▶ **PROBLEM STATEMENT**:
Among the entries below, one line contains "organaturals khadi set" and another contains "Mohamed ElShorbagy en". Transcribe those two lines and every line between them, exactly.

▶ **THE INPUT**:

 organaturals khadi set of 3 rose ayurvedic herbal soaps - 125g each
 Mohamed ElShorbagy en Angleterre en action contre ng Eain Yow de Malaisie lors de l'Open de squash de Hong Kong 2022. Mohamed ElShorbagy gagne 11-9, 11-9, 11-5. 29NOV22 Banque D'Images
---
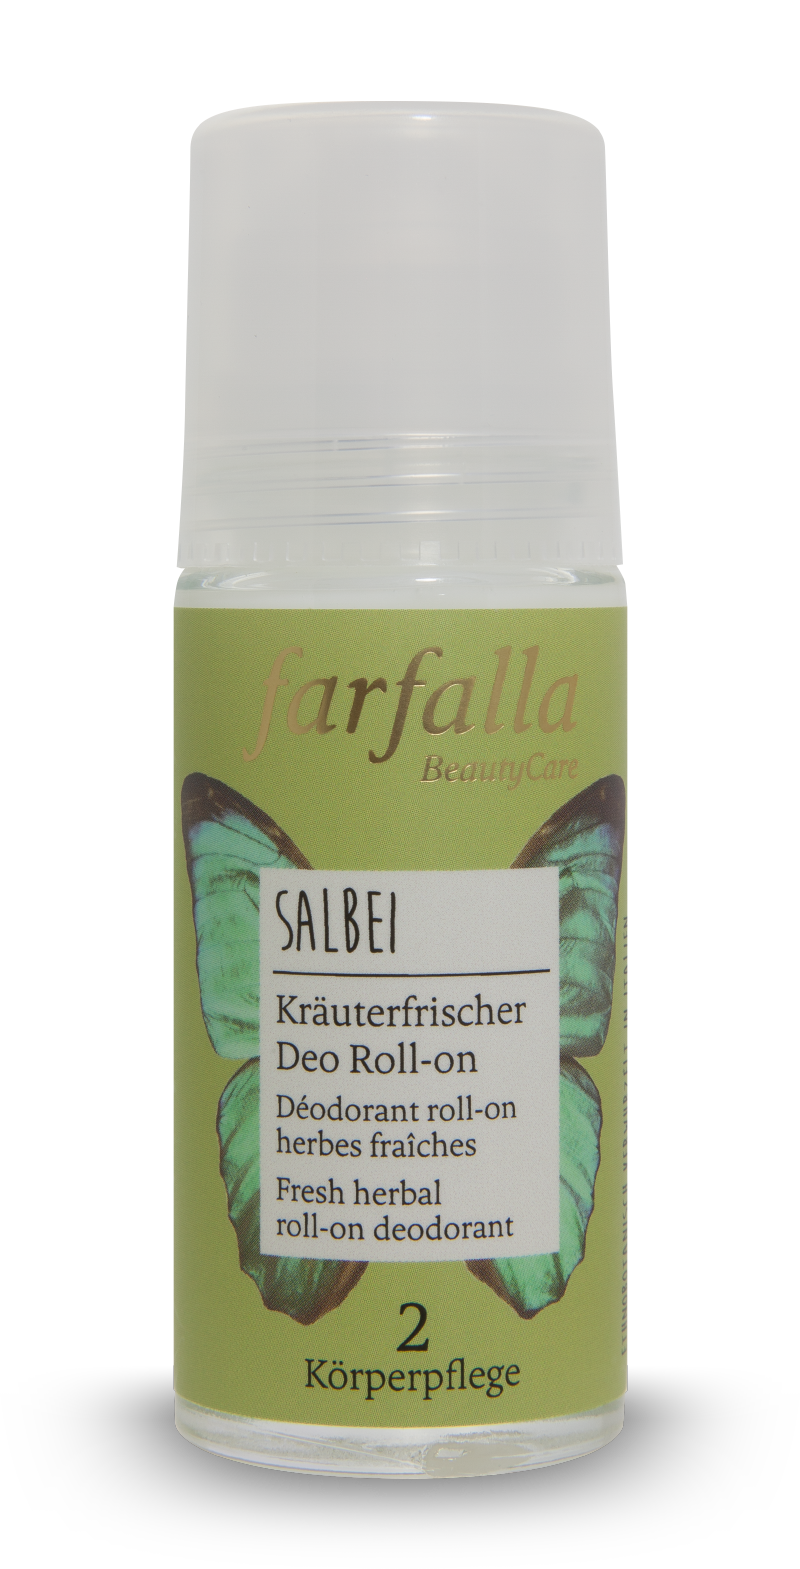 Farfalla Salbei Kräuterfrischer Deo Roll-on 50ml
...
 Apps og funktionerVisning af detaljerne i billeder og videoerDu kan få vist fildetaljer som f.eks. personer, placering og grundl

▶ **WRITTEN SOLUTION**:
 organaturals khadi set of 3 rose ayurvedic herbal soaps - 125g each
 Mohamed ElShorbagy en Angleterre en action contre ng Eain Yow de Malaisie lors de l'Open de squash de Hong Kong 2022. Mohamed ElShorbagy gagne 11-9, 11-9, 11-5. 29NOV22 Banque D'Images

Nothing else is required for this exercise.